The Matej Bel University has traditionally been a decentralized institution, with governing authority shared among its academic faculties. The Governing Council is the unicameral legislative organ of the central administration, overseeing general academic, business and institutional affairs. The rector is appointed by the council as the chief executive.

Matej Bel University currently comprises six faculties:

- Faculty of Economics
- Faculty of Arts
- Faculty of Political Science and International Relations
- Faculty of Natural Sciences
- Faculty of Law
- Faculty of Education

===Library and collections===
The Matej Bel University Library System is one of the largest university-academic library systems in Slovakia, measured by number of volumes held. Establishment of the Matej Bel University Library in Banská Bystrica is connected with the foundation of the Higher College of Education in Banská Bystrica in 1954. In 1964, after the foundation of Faculty of Education, it became the central library of the faculty.
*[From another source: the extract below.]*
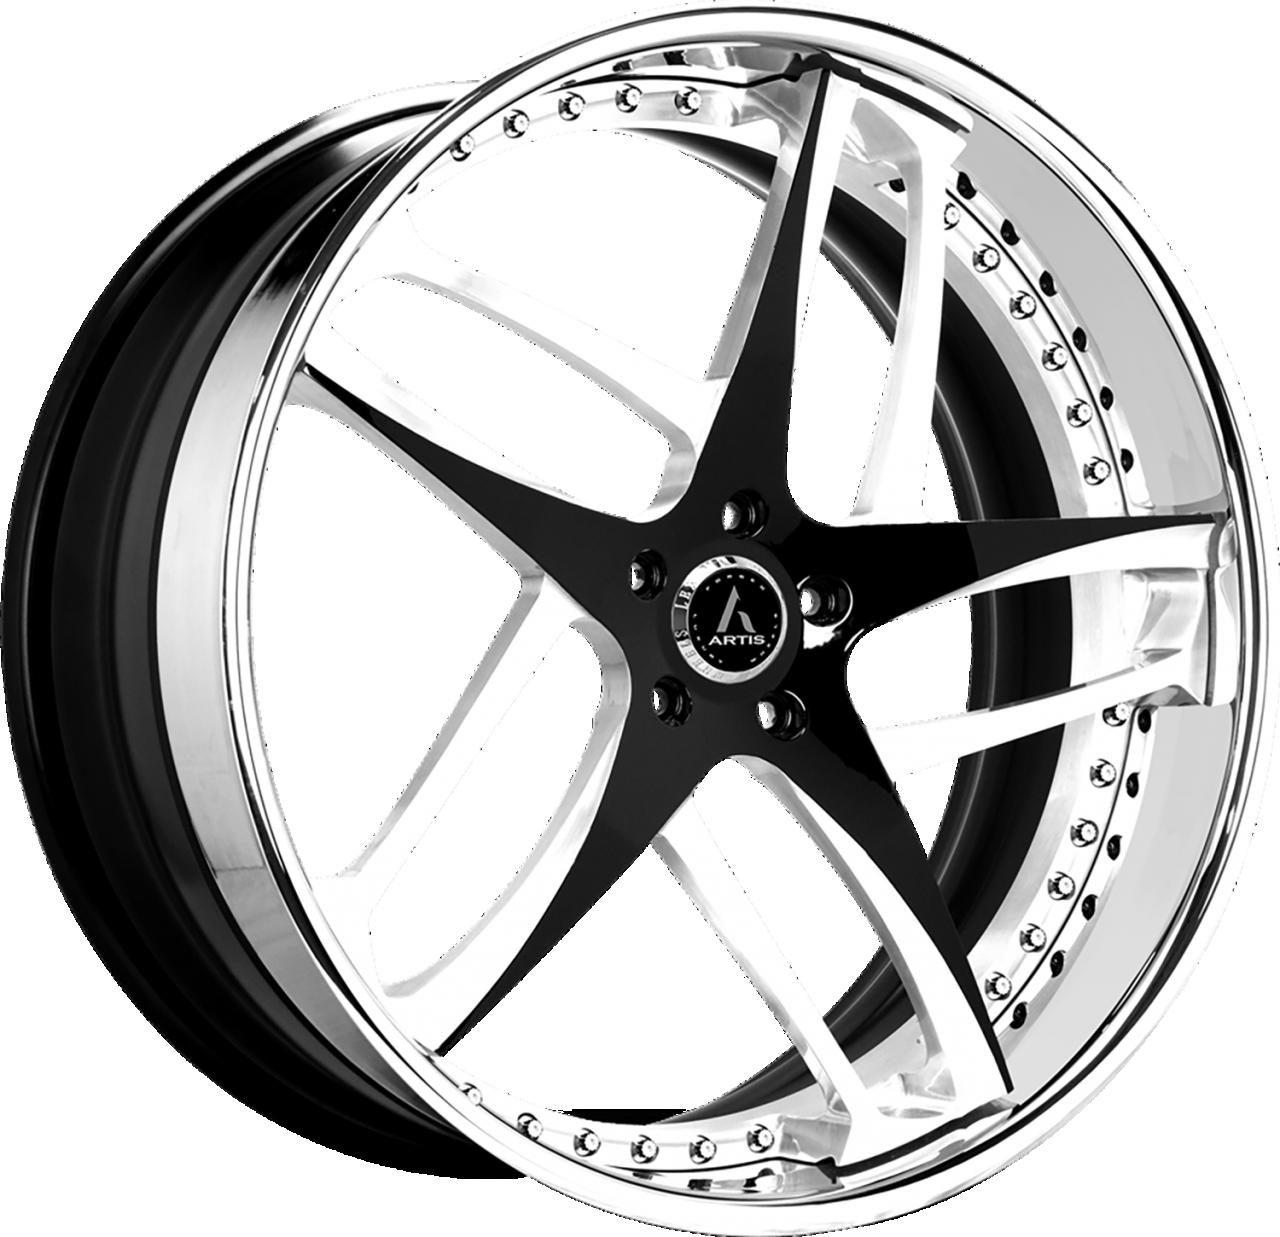 Artis Forged Bavaria wheel with Custom Black and White finish

Since 1 January 1993 the library has served as Matej Bel University Library in Banská Bystrica. In the same year, the Library of the Faculty of Economy of Services and Tourism in Banská Bystrica was annexed to the Central Library of the Faculty of Education. Since 1975 the Library of the Faculty of Economy of Services and Travel served as a branch of the Central Economic Library in Bratislava. In 1996 the library system was decentralized. Having regard to the Academic Senate of the University of Matej Bel. The Matej Bel University Library system was abolished on 1 April 1996, and four new libraries were established, those were directly controlled by the faculties. This changed on 1 January 2000, when the Rector UMB Library act of 2000 entered into force, this connected the decentralized libraries of the faculties into the "Matej Bel University Library system.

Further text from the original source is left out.